Watermill Center New York, 2015
Artist in Residence, September 2015
Grand piano strings, grand piano felt. From the performance Making and Breaking Tristan.
Current resident artist Oliver Beer, a British artist interested in the relationship between sound and space, presents his ongoing body of work The Resonance Project to the public in an open rehearsal at The Watermill Center. During his residency, Beer has used a selection of pots and vessels from The Watermill Collection to create a vast and disparate musical instrument. Each object has its own musical note at which it resounds - a note that is the same today as it was the day of the object's creation. Beer has chosen individual works from The Watermill Collection that represent diverse historical and geographical origins and, by juxtaposing their resonant notes, constructs the famous Tristan Chord. Heard in the opening phrase of Richard Wagner's opera Tristan and Isolde, the Tristan Chord is often recognized as the origin of modernity in music, much like one might identify the origin of modernity in painting with the works of Manet or Cezanne. The project will take the form of a sound installation in The Center's central "Knee" building, as well as a "live" sound installation amidst objects from The Watermill Collection in the gallery space.
In the performance Making and Breaking Tristan, Beer marks the strings that correspond with the Tristan Chord on an upturned grand piano.
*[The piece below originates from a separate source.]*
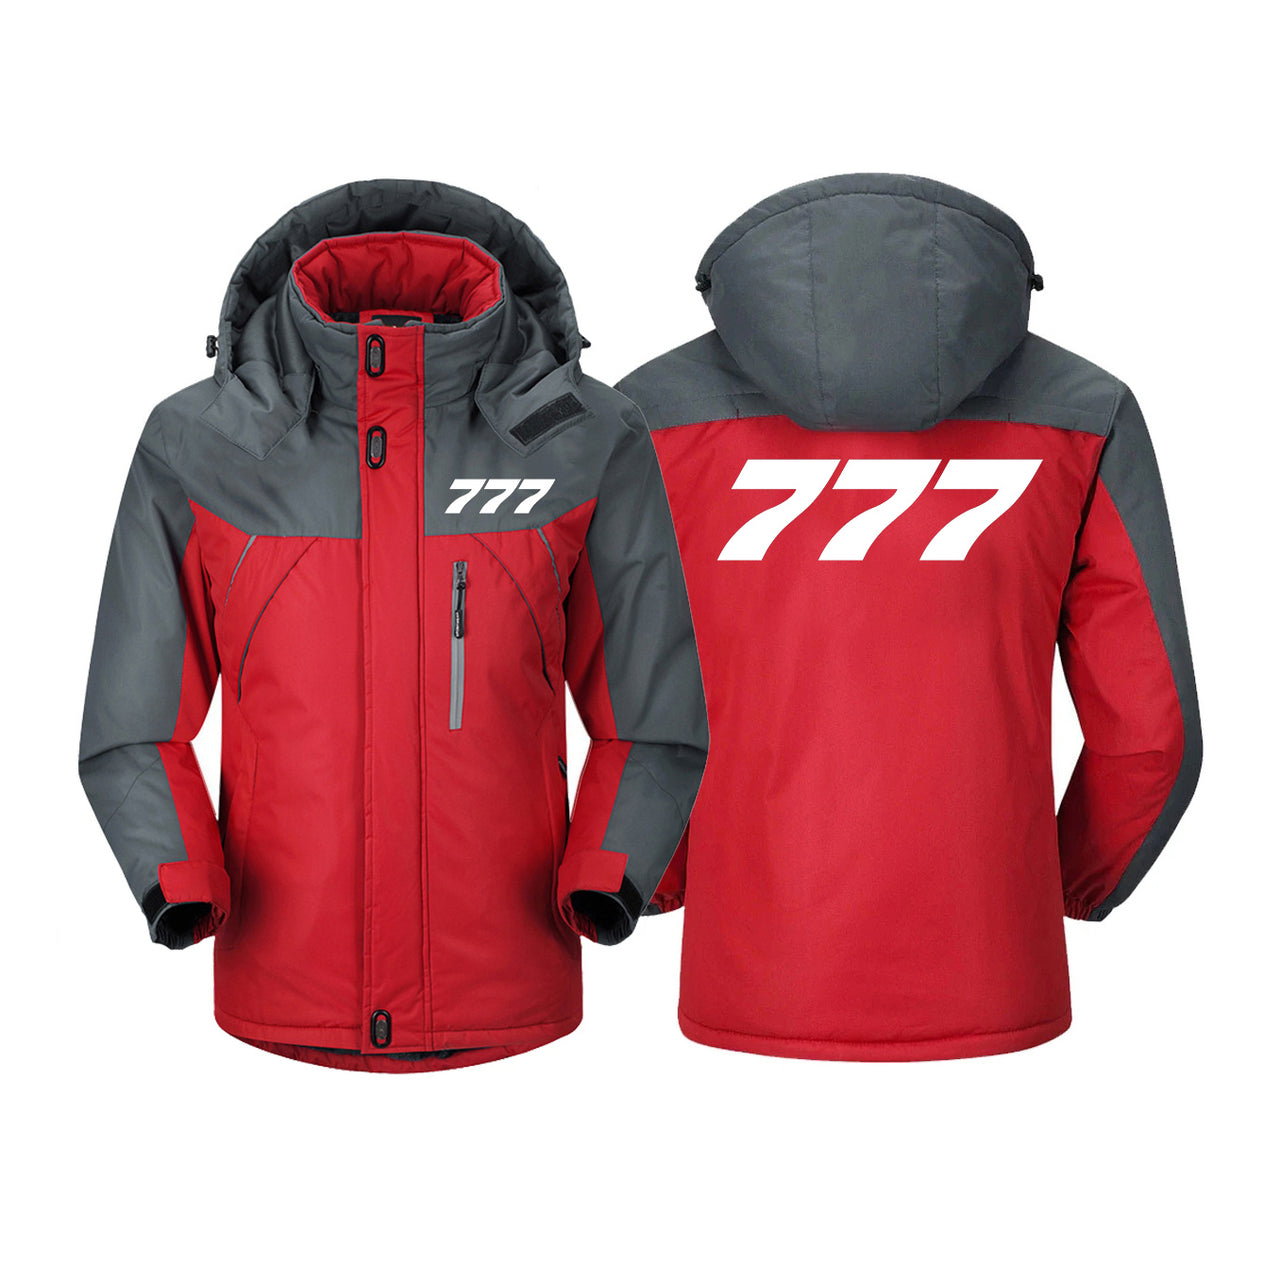 777 Flat Text Designed Thick Winter Jackets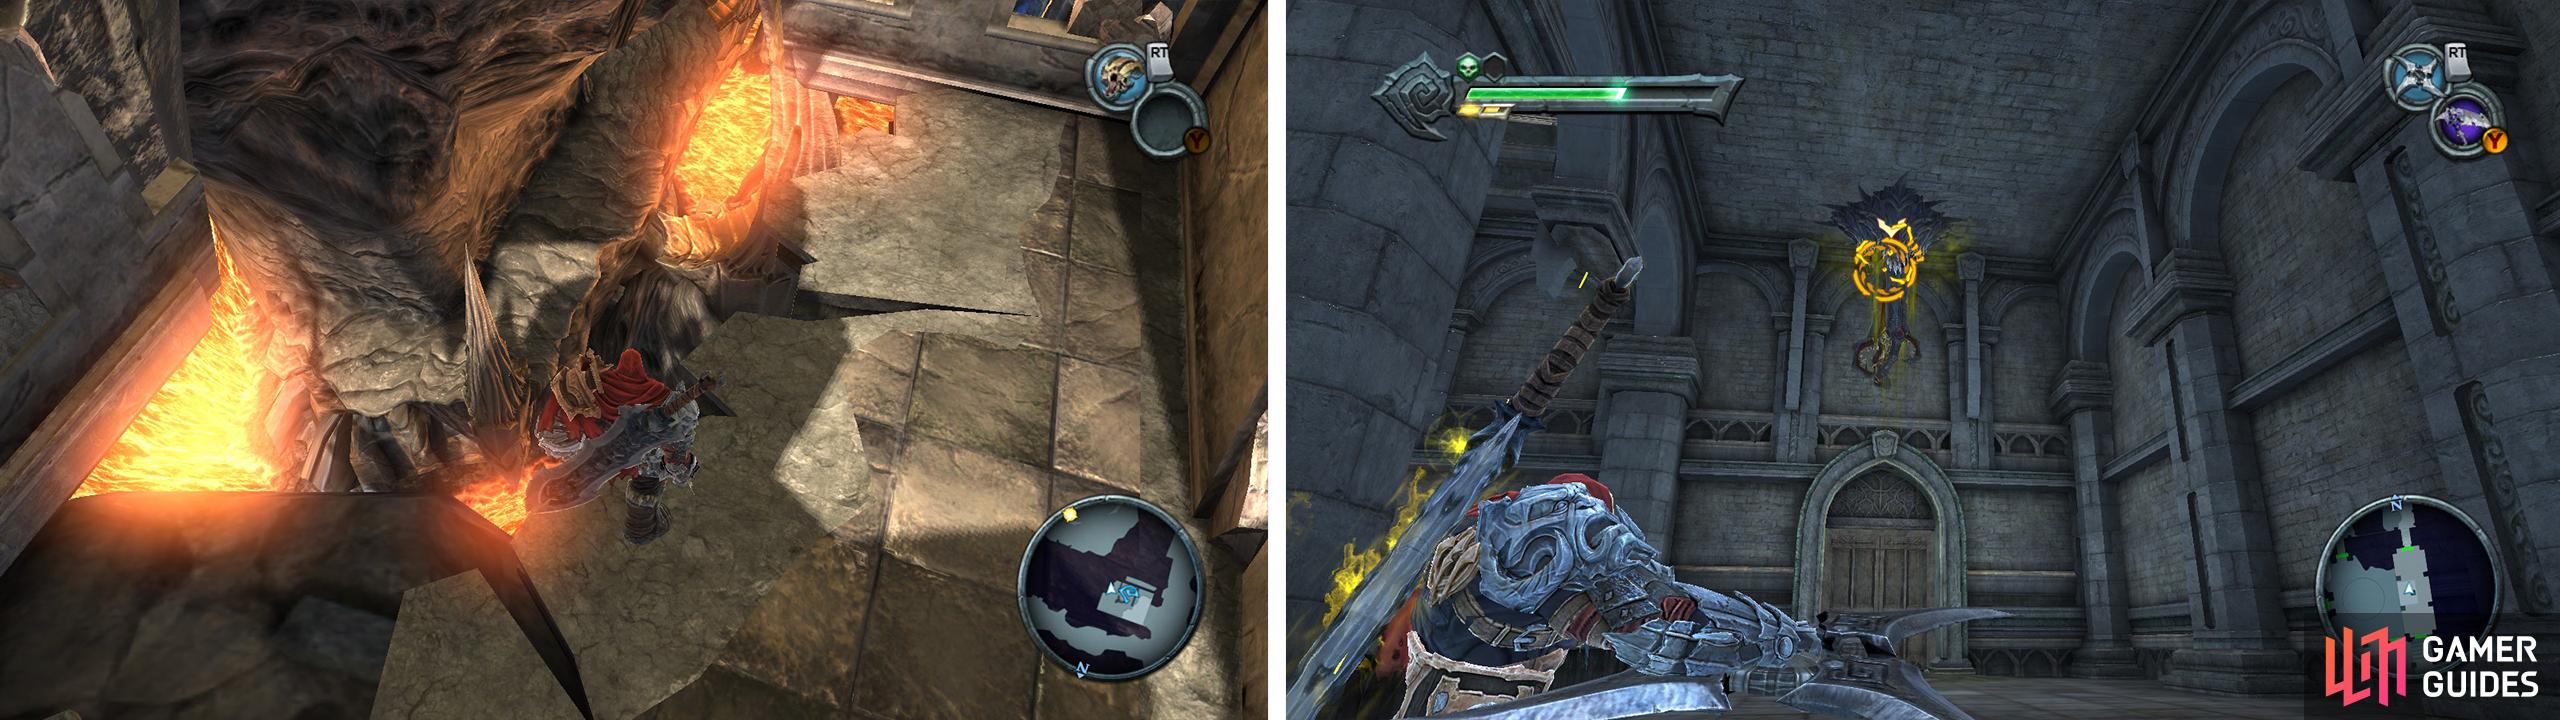 Scalding Gallow: Look for the hidden path below Samael’s Prison from the Vulgrim Location (left). Twilight Cathedral: Before fighting the boss climb up the block again and stun the Demon Plant (right) the armour is inside the door its guarding.

He then cuts away the unmarked strings one by one with wire cutters – thus gradually building the chord through elimination of unnecessary notes. Once the chord has been built, he then cuts away the marked strings, eliminating the chord and leaving the sound board bare. Each string cut creates a percussive and violent sound which stimulates the remaining strings to resound. The cut strings are then gathered and wrapped with the red felt from the inside of the piano.